С.Гавриляченко

СЕРГЕЙ ГАВРИЛЯЧЕНКО

РУССКИЙ СФИНКС. Коржев
 






Перед картинами Гелия Коржева торопеешь, как перед сфинксовыми загадками, чувствуя холодящий эдипов озноб, не решаясь отвести глаза, всматриваешься в потаённость образов, открывшихся художнику, ощущая в них ответы, от которых зависит и твоя судьба, и неизбывности родовой истории. Коржеву, одному из избранных, было дано право или бремя свидетельствовать эпоху могущества и крушения государственности, прозревать и почти пророчествовать, оставаясь при этом исключительно живописцем, любящим естество и плоть жизни, любящим настолько, что за метафизической, доведённой до пределов зримого постижения формой, открываются тайны имманентно присущих ей смыслов.

Большинство художников, чтущих нравственную основу искусства, постоянно вопрошают – для чего? о чём? во имя чего дано творить? Из многочисленных «русских» ответов наугад выбрался сказанный Максимилианом Волошиным, видевшем, как и наш современник, мир «в его минуты роковые»: «Русское искусство всегда согревалось не столько огнём фантазии, сколько огнём совести». «Совесть» - пожалуй, главное мерило творчества Гелия Михайловича Коржева.

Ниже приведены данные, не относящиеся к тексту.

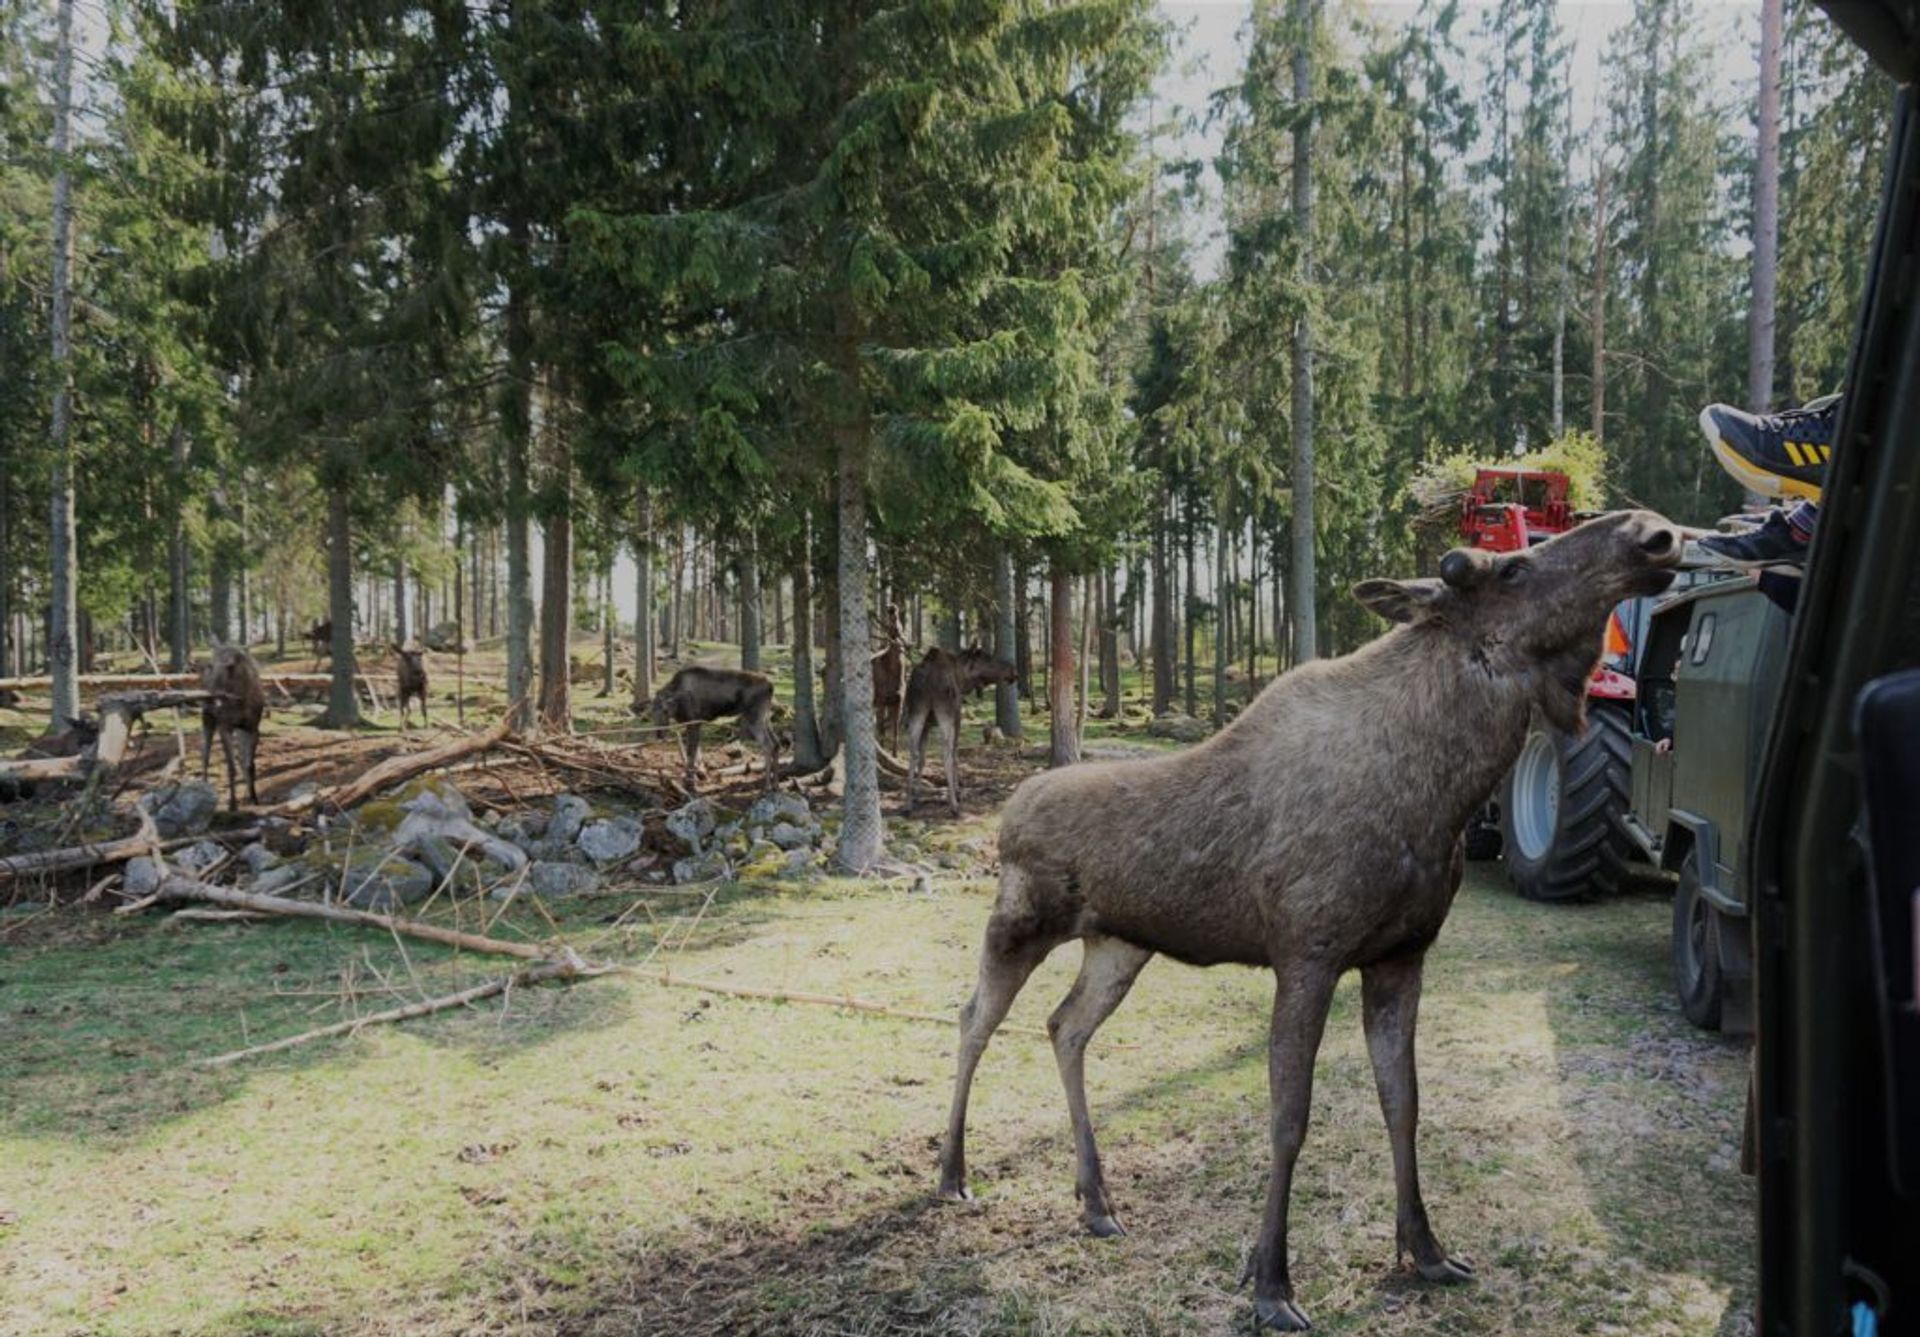 People feeding a moose.

Именно ею из картины в картину испытуются сродняющиеся герои и зрители, проходящие порой через непосильные нравственные инициации, сокрушающие и восстанавливающие человеческое в человеке.

Правильнее было бы расспросить при жизни самого мастера о сути его картин. Но он, подобно римскому стоику времен последнего падения нравов и торжества «не чующих под собою страны», в последние годы безмолвно затворился в мастерской, оставив нам право истолковывать его картины - послания в вечность, способные открываться сиюминутно неожиданными значениями. Коржев больше, чем кто-либо, был связан с тектоникой времени, улавливал его неясный гул, дельфийски-иносказательно стремился донести предостережения валтасарово пирующим.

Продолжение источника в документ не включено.